▸ Problem requirements:
A full, exact copy of the listing is needed, with images omitted.

▸ Collected material:
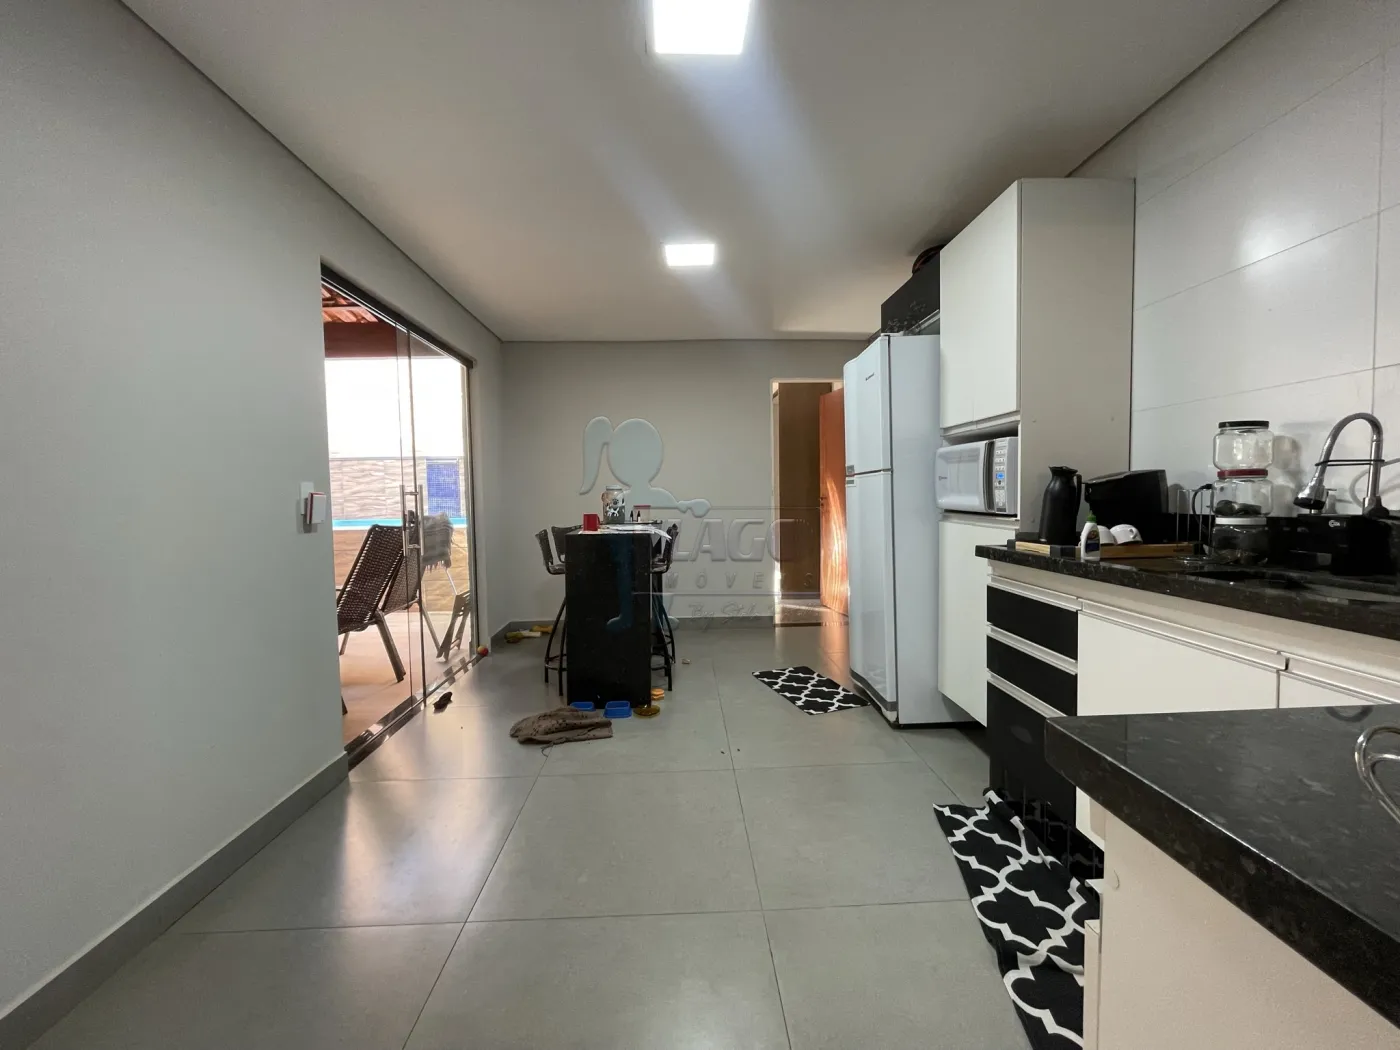 Comprar Casa / Padrão em Ribeirão Preto R$ 330.000,00 - Foto 16
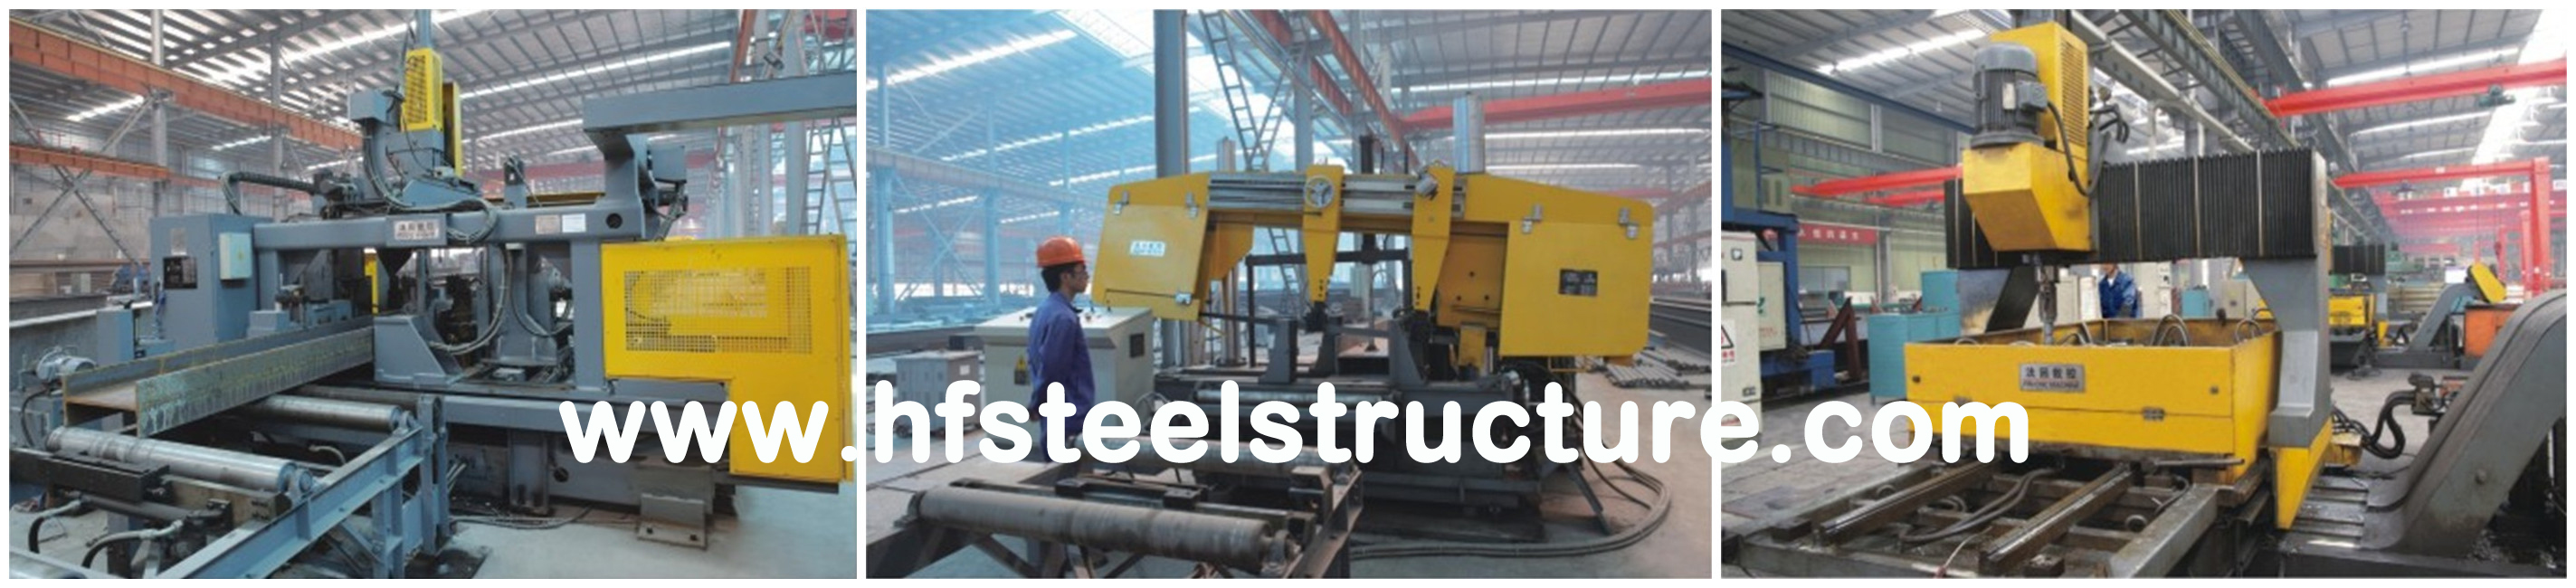 ASTM ПО МЕРЕ ТОГО КАК конструкция и изготовление здания различных стандартов JISG промышленные стальные
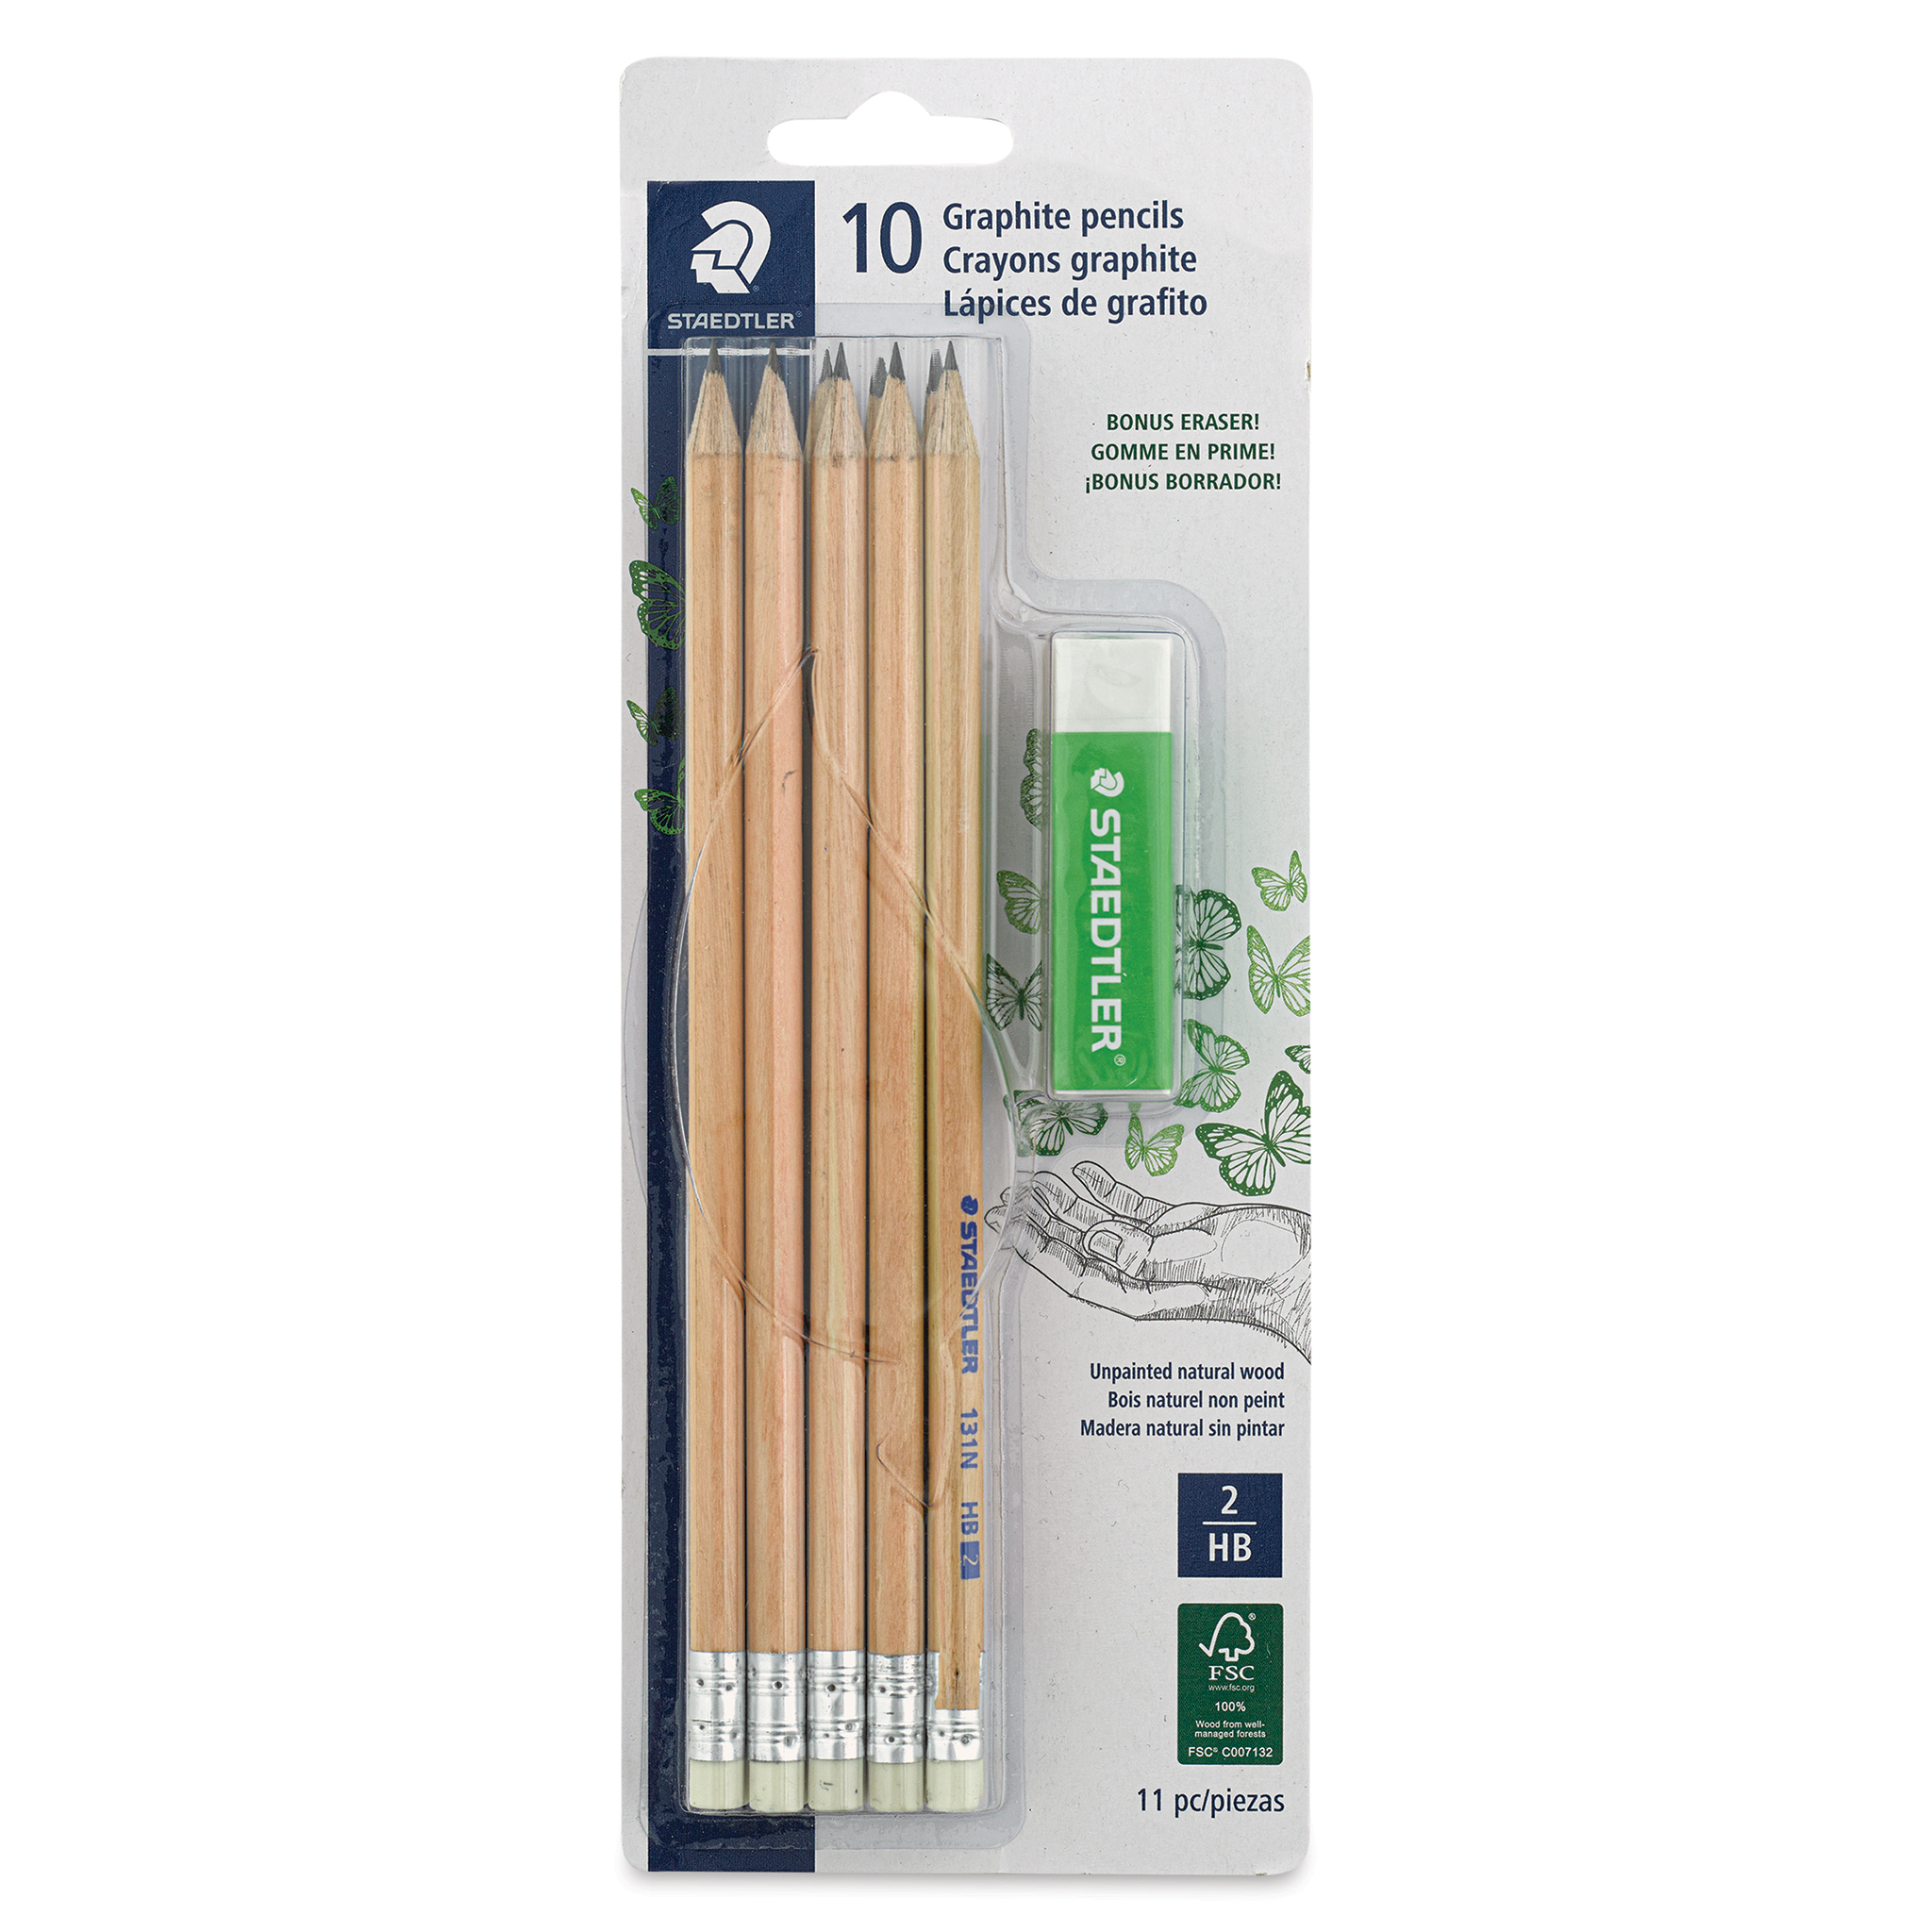 Staedtler Presharpened Wood Case HB Pencil Eraser Tip Office School Craft Art Drawing

▸ Written response:
 Comprar Casa / Padrão em Ribeirão Preto R$ 330.000,00 - Foto 16
 ASTM ПО МЕРЕ ТОГО КАК конструкция и изготовление здания различных стандартов JISG промышленные стальные
 Staedtler Presharpened Wood Case HB Pencil Eraser Tip Office School Craft Art Drawing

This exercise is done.